» **The problem**: Starting at the line that has "Summer Back Zipper" and stopping after the line that has "Treat Training Bag: dog treats inside", reproduce the listing below exactly; omit everything else.

» **Materials provided**:
-*-*-

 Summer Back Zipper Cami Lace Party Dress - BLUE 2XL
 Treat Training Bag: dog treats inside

-*-*-

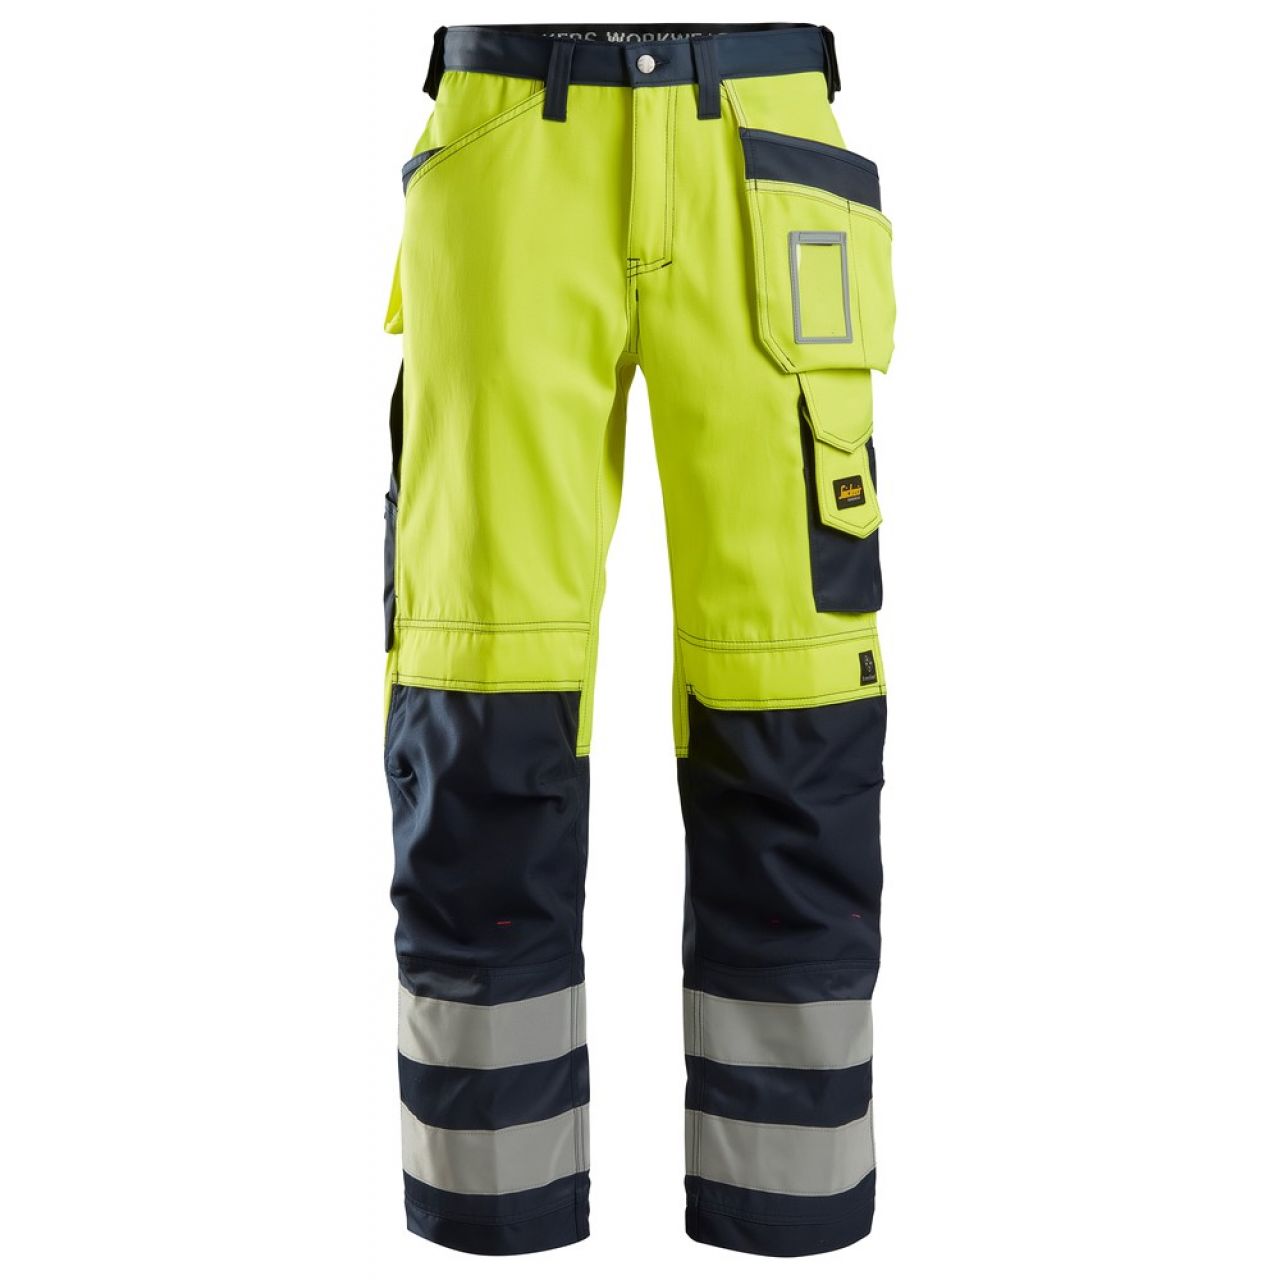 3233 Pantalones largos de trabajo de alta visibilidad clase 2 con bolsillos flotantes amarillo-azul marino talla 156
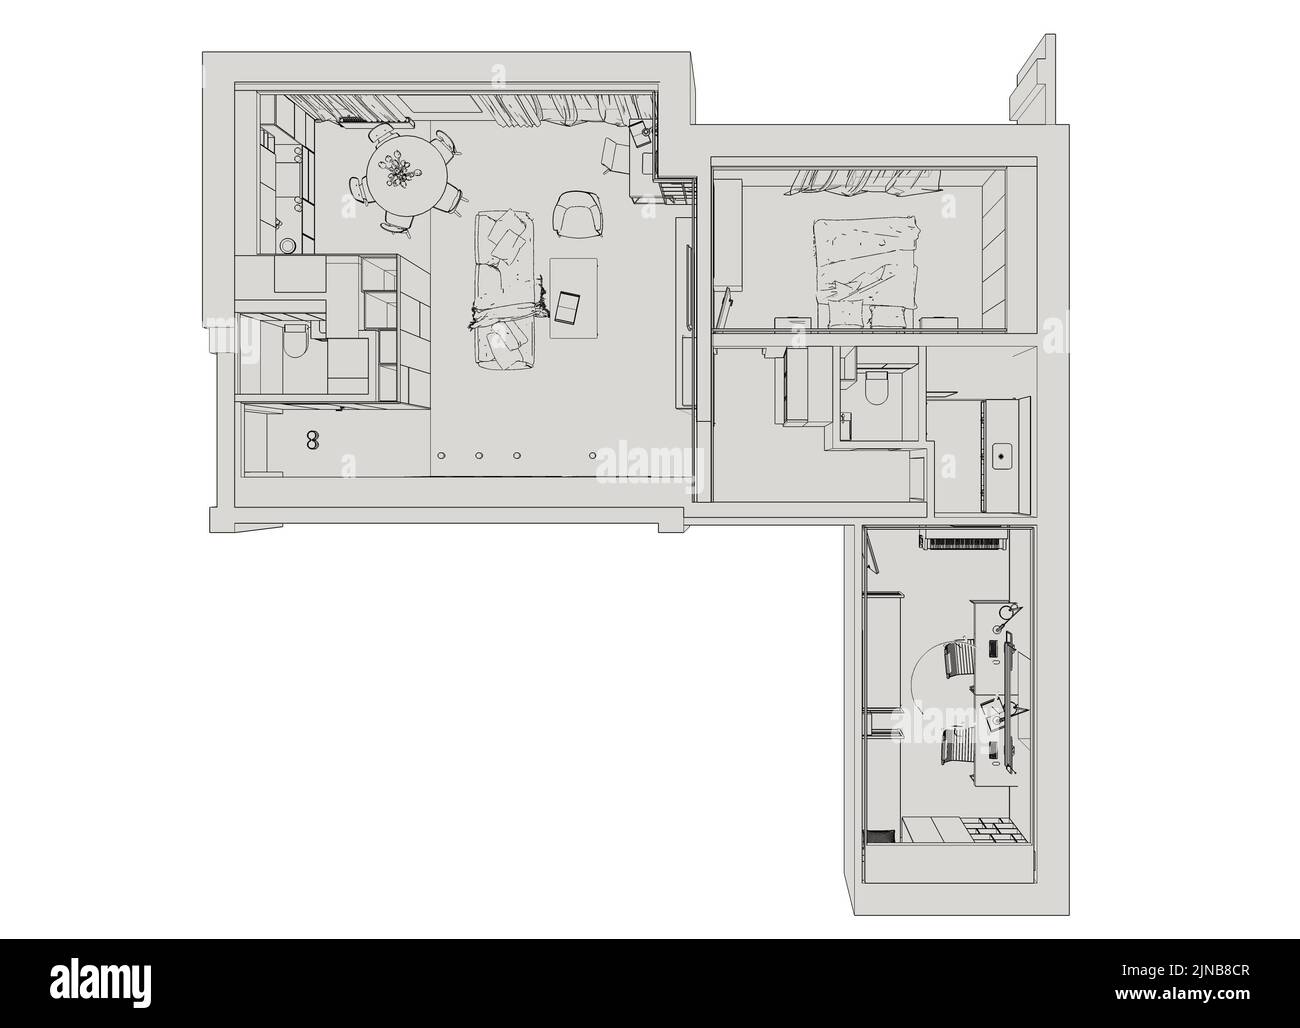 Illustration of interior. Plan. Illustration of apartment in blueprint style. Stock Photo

-*-*-

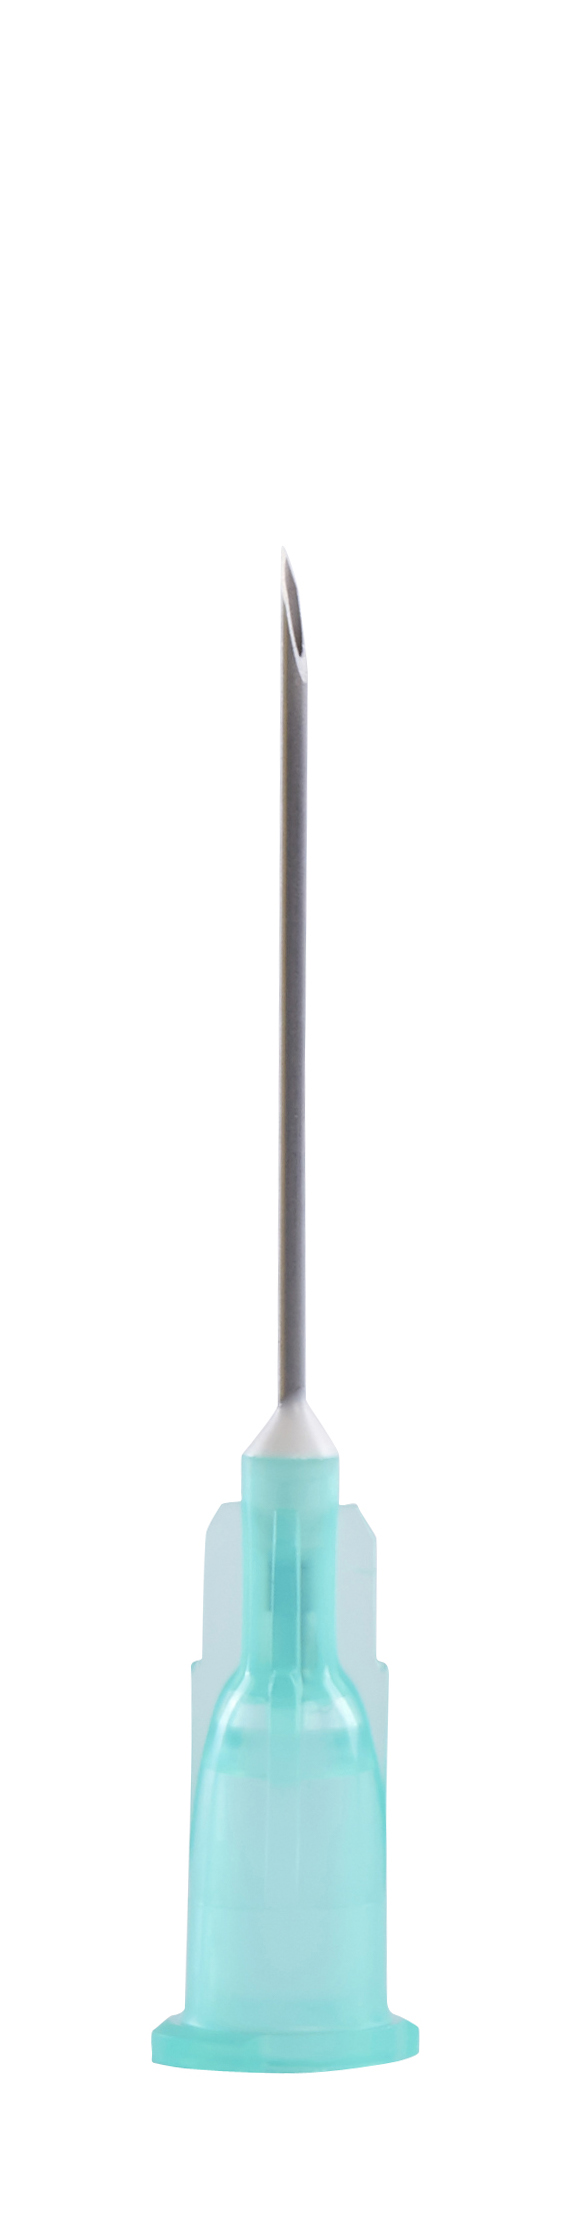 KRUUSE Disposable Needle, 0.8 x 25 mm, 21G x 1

-*-*-

» **Final answer**:
 Summer Back Zipper Cami Lace Party Dress - BLUE 2XL
 Treat Training Bag: dog treats inside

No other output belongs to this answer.